> [Problem]: Restate the data below word for word. Skip any images it contains.

> [Data extract]:
----------------

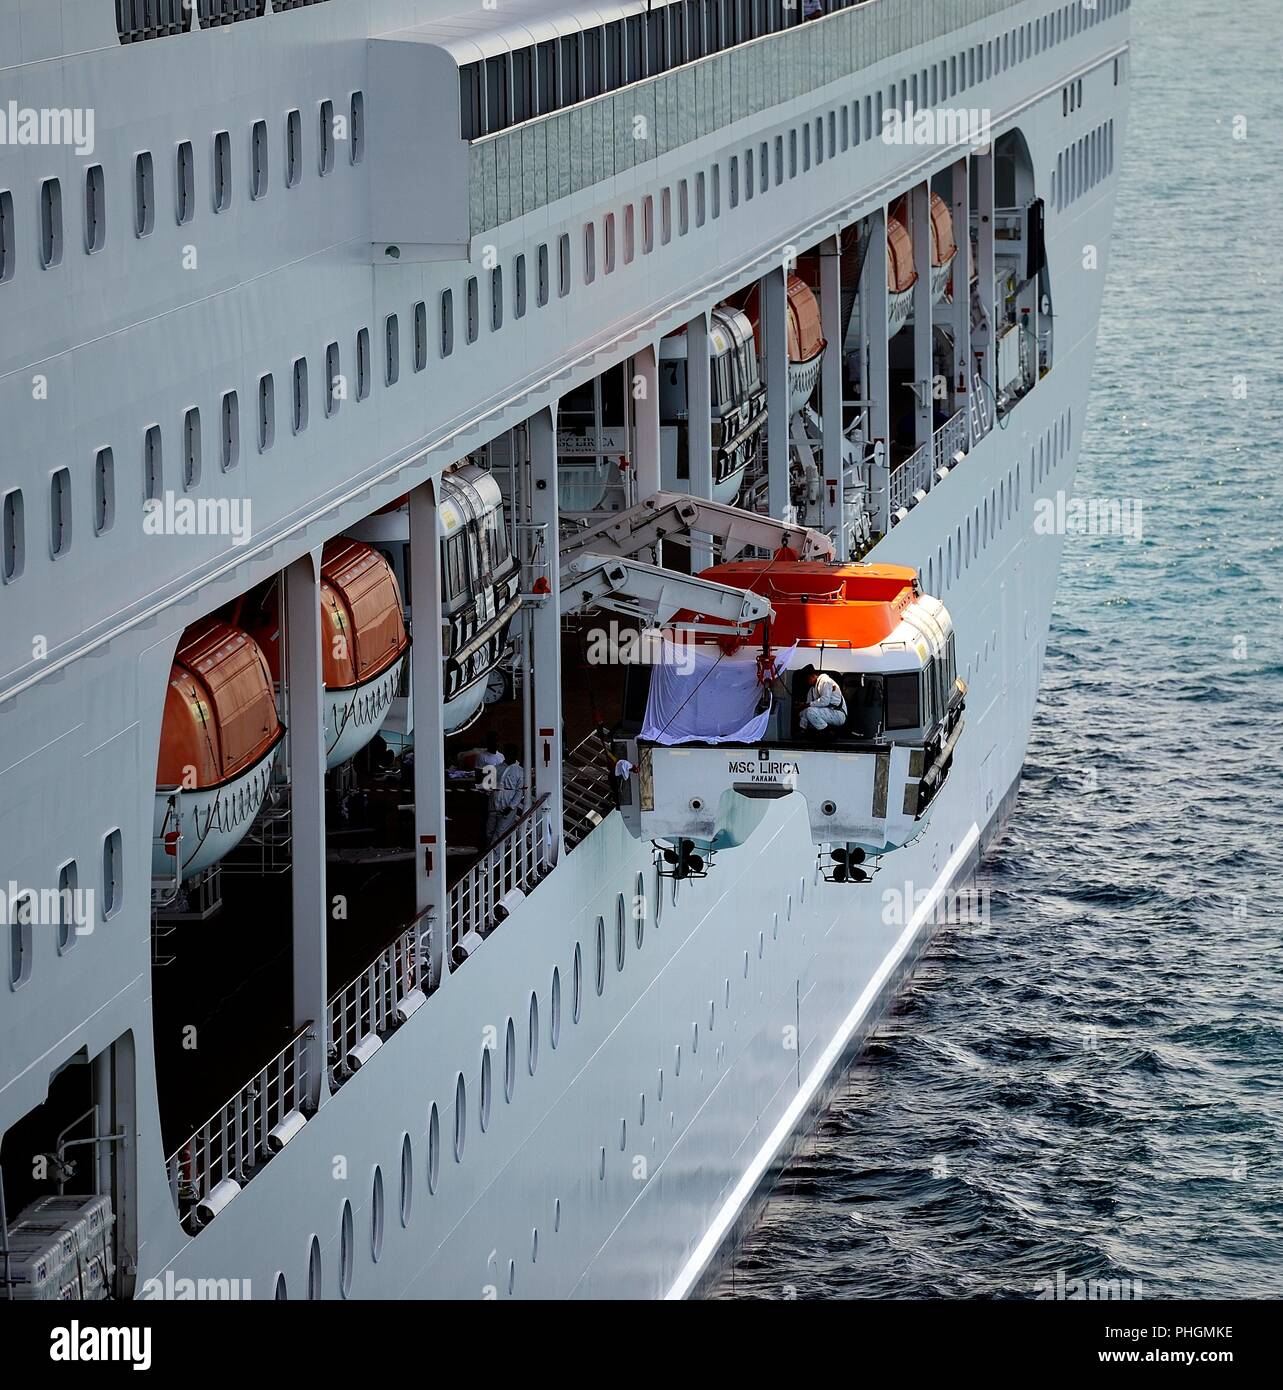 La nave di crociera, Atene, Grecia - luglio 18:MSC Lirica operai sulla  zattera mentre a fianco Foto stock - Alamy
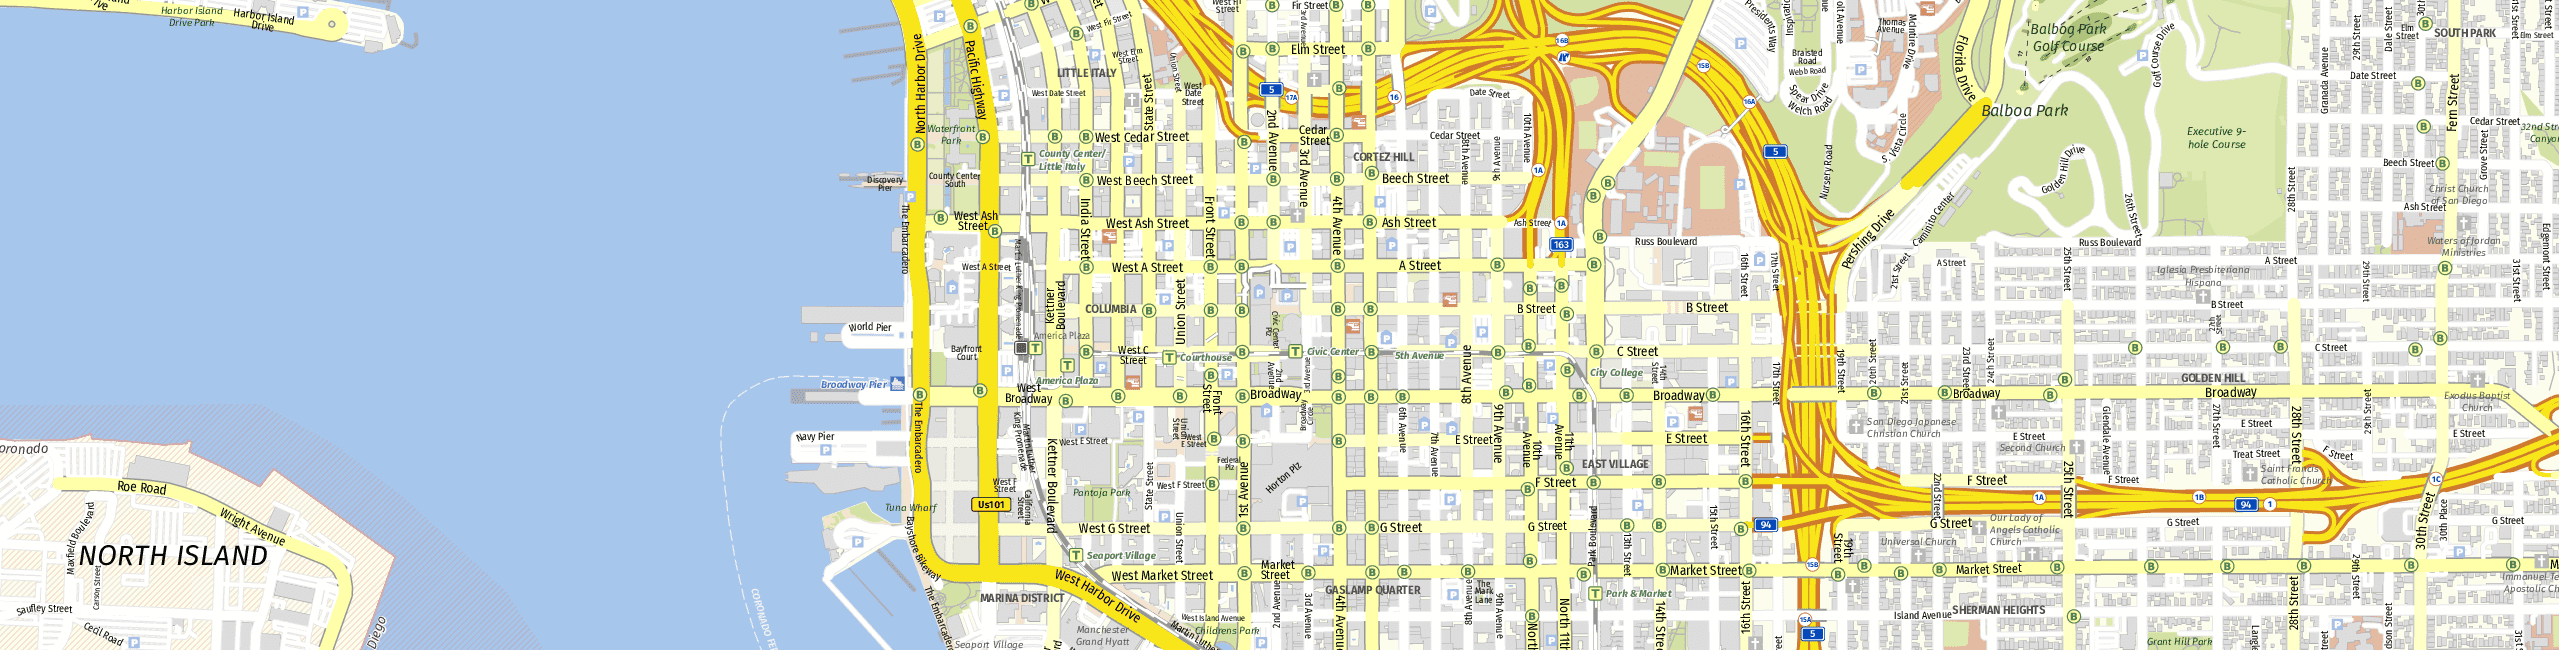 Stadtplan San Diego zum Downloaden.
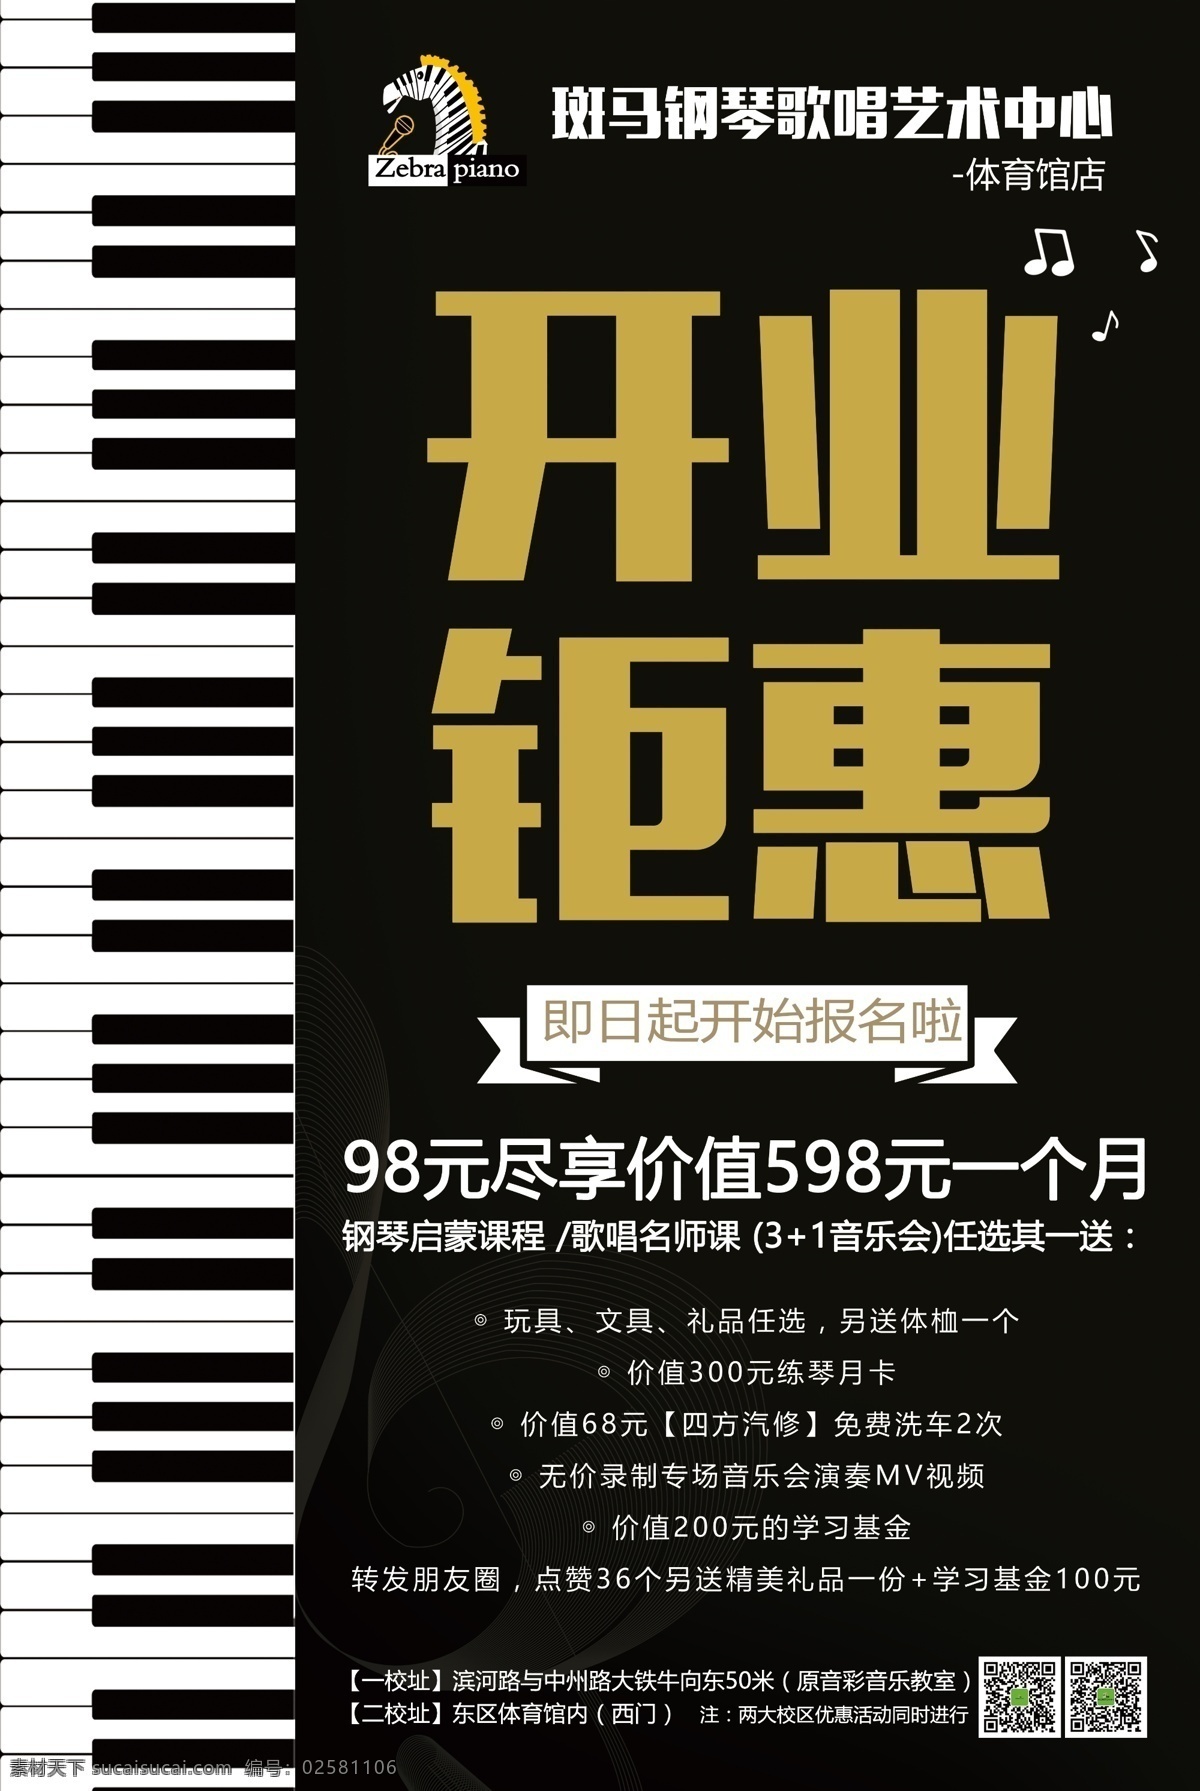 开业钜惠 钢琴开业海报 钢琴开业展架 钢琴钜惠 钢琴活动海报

----------------

> [Solution for this problem]:
 La nave di crociera, Atene, Grecia - luglio 18:MSC Lirica operai sulla  zattera mentre a fianco Foto stock - Alamy
 Stadtplan San Diego zum Downloaden.
 开业钜惠 钢琴开业海报 钢琴开业展架 钢琴钜惠 钢琴活动海报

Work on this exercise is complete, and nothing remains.